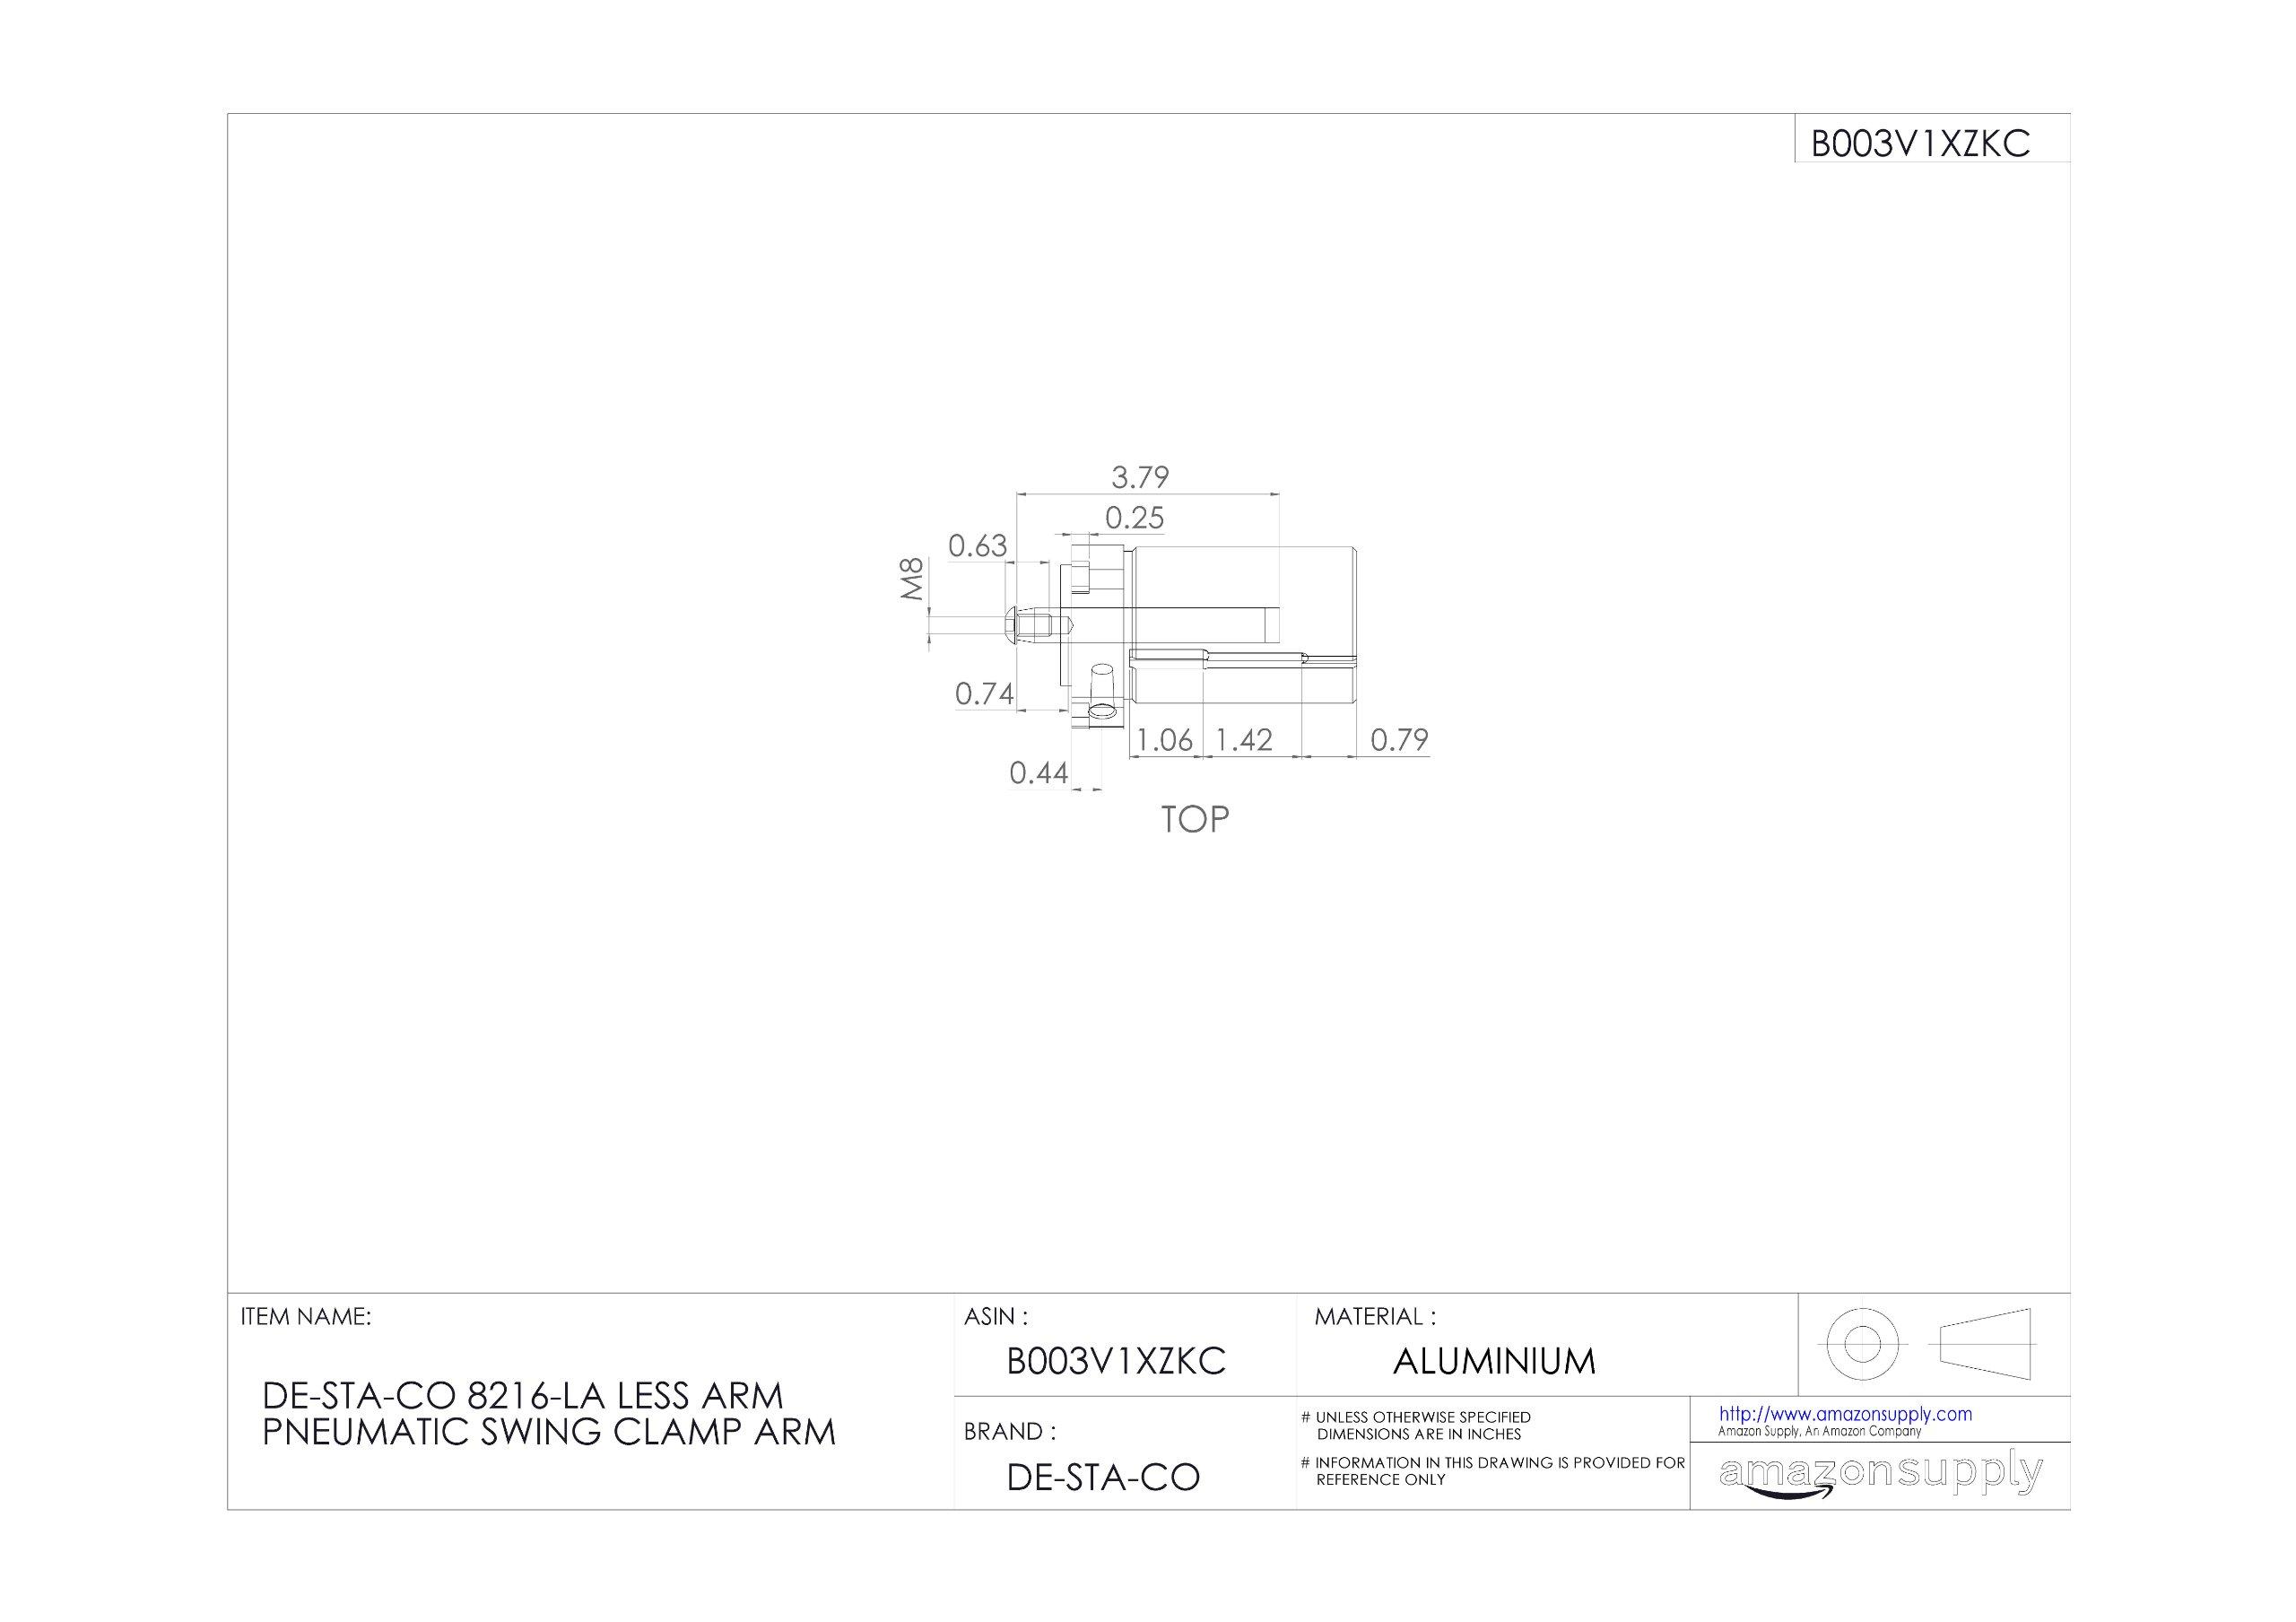 DE-STA-CO 8216-LA Less Arm Pneumatic Swing Clamp Arm by De-Sta-Co
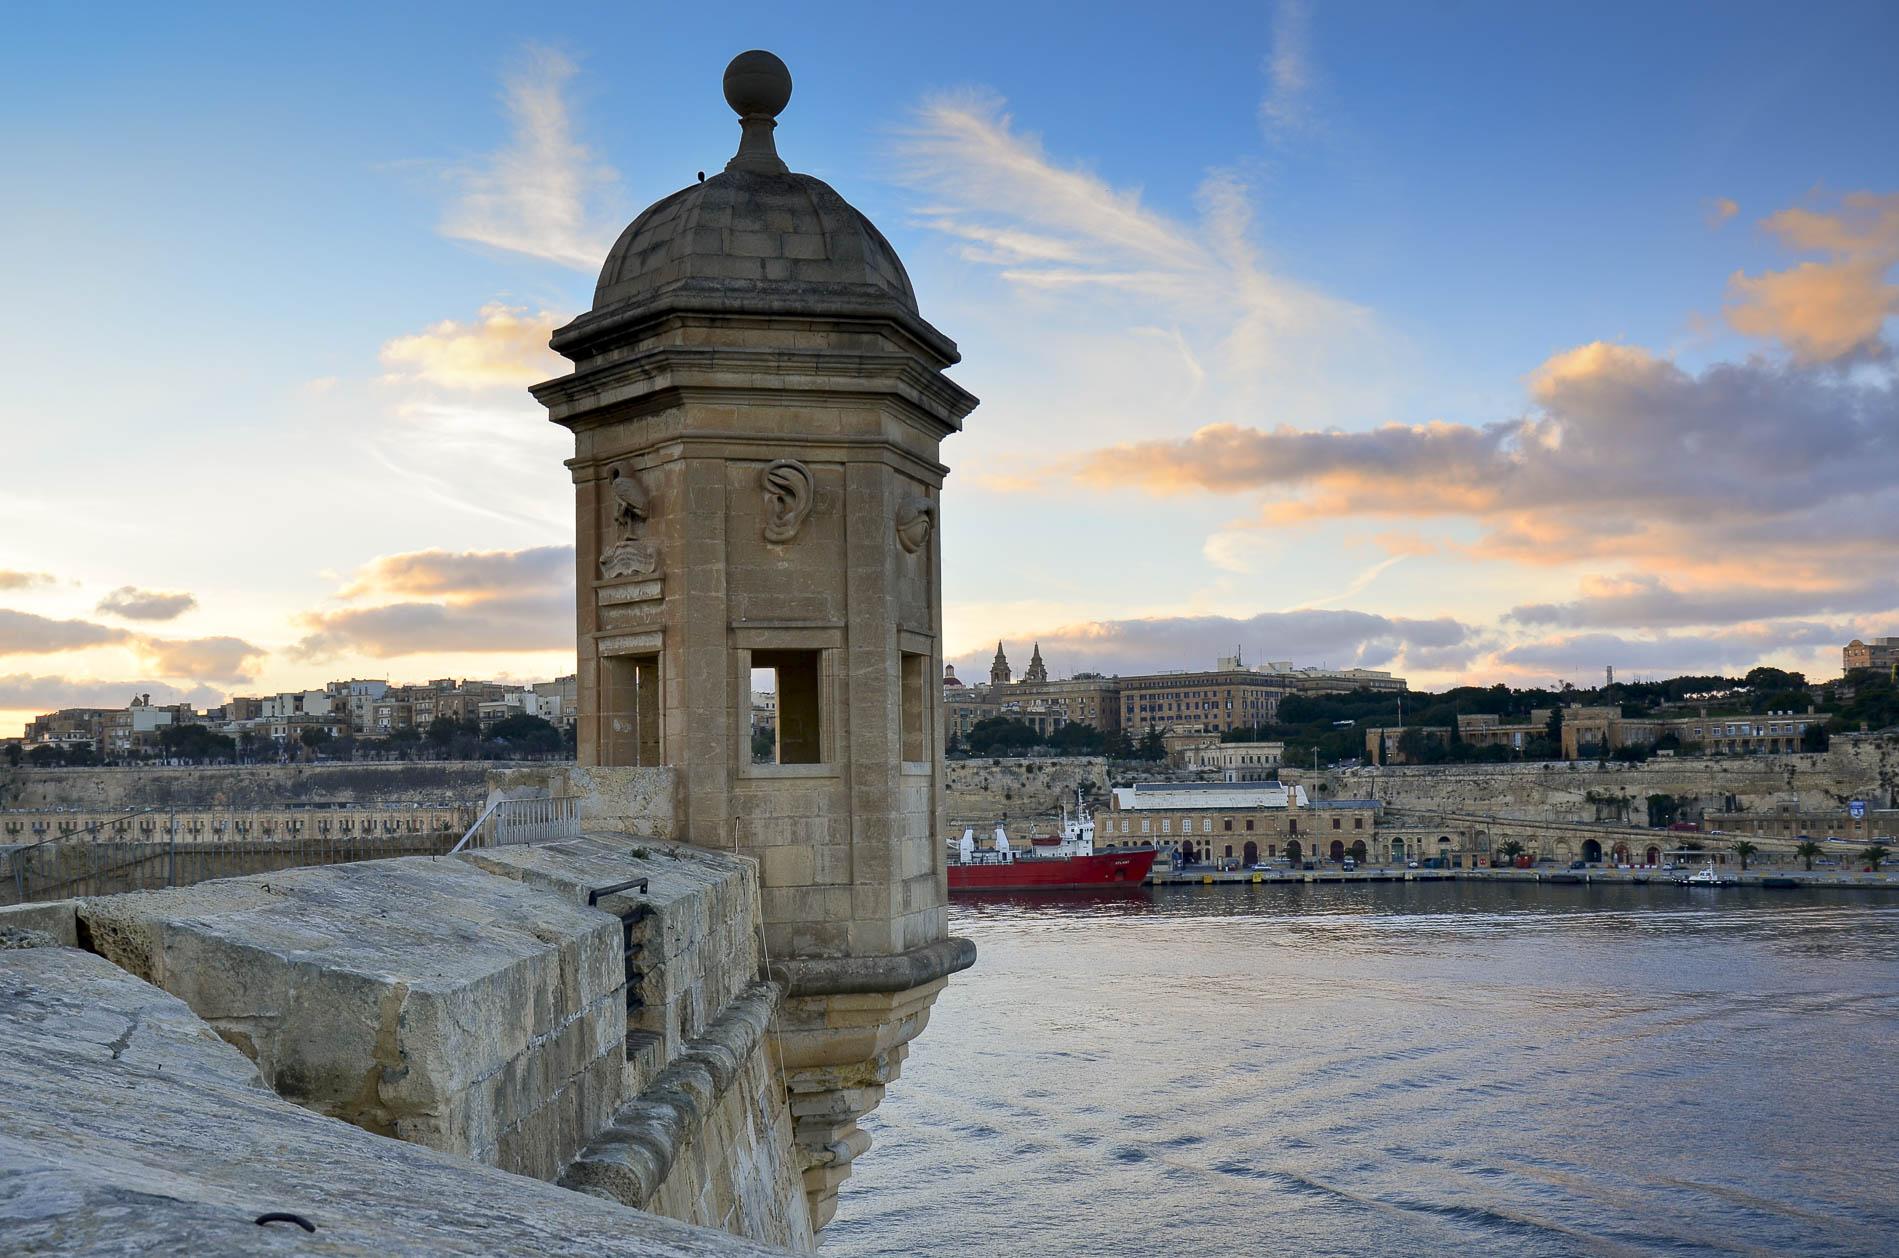 Fort Elmo, Valletta, Malta / fot. Michał Głombiowski
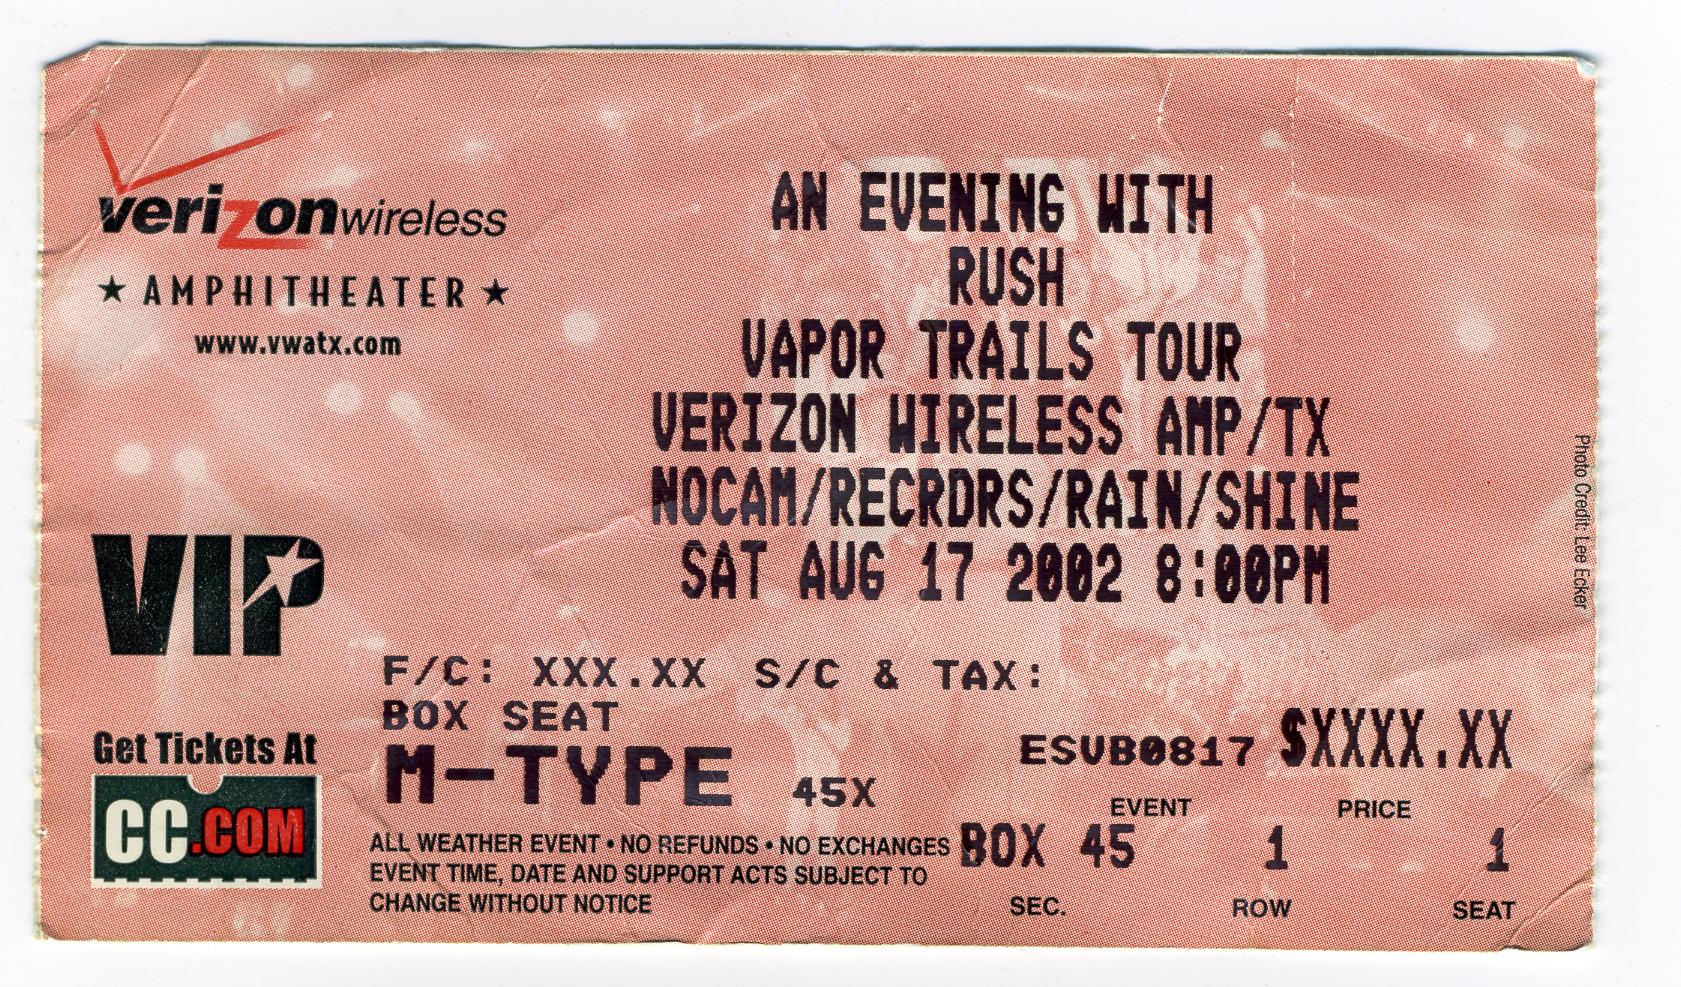 Rush Vapor Trails Tour
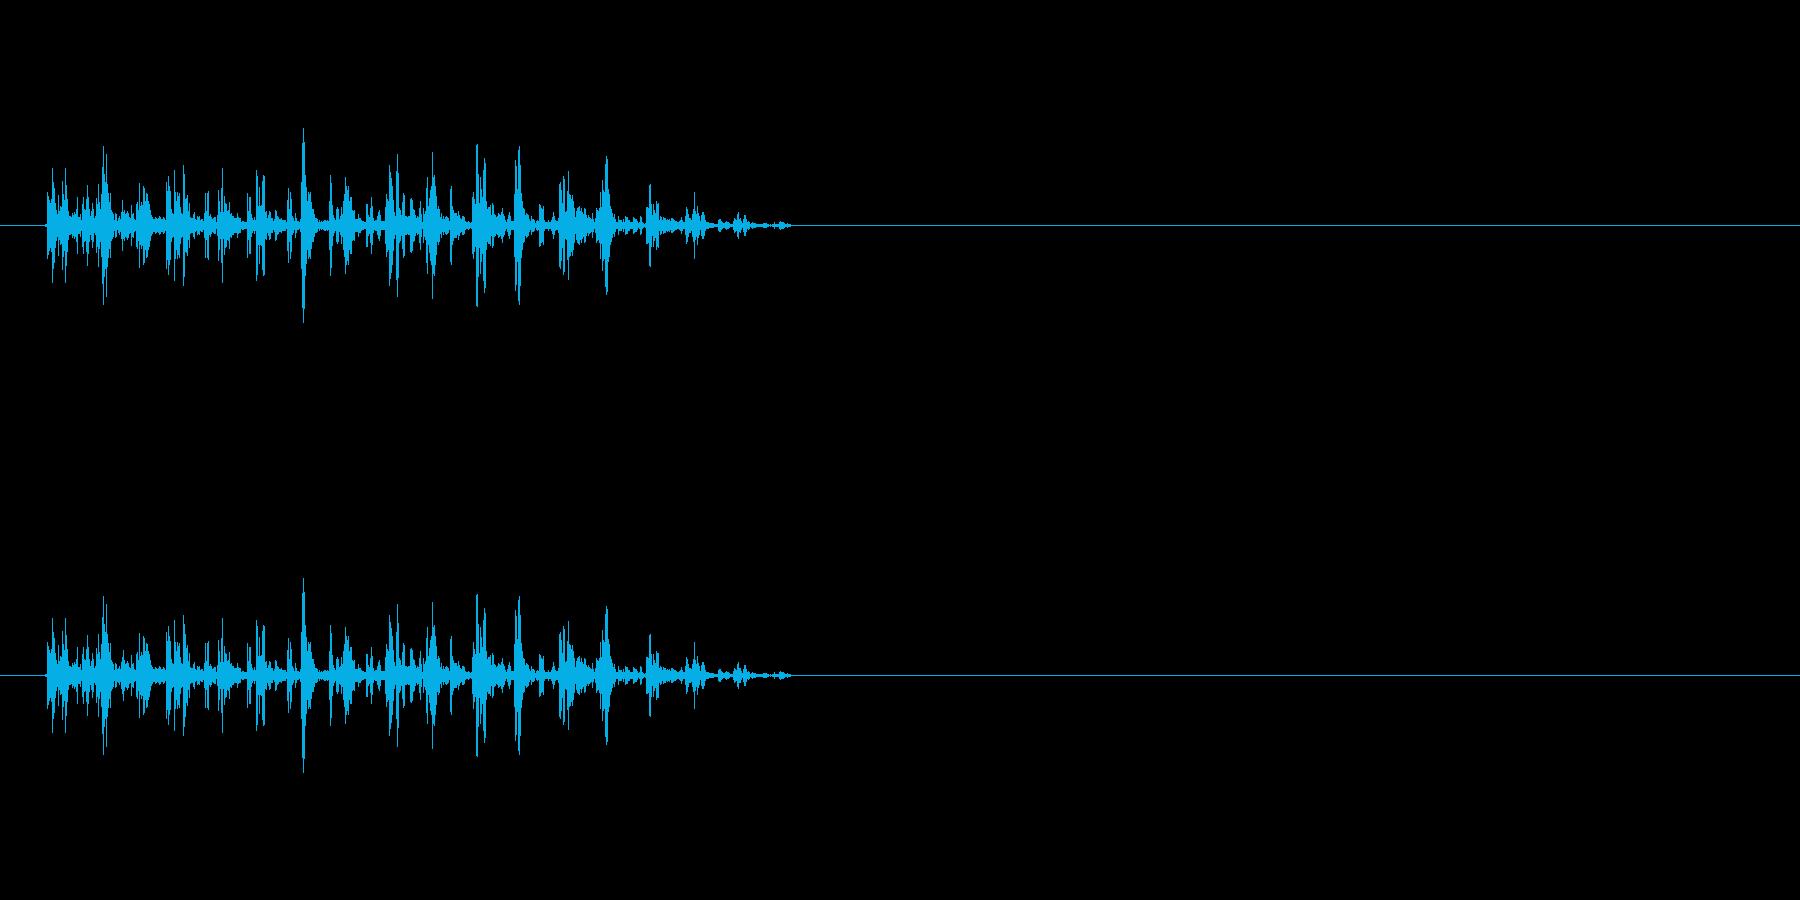 【バタバタバタバタ】鳥や虫が飛ぶ・騒ぐ音の再生済みの波形

__Work required__. Please return exactly the lines from the one containing "Fort Elmo, Valletta, Malta" through the end of the material above, both ends included, but not the pictures.

__Task response__.
 Fort Elmo, Valletta, Malta / fot. Michał Głombiowski
 Rush Vapor Trails Tour
 【バタバタバタバタ】鳥や虫が飛ぶ・騒ぐ音の再生済みの波形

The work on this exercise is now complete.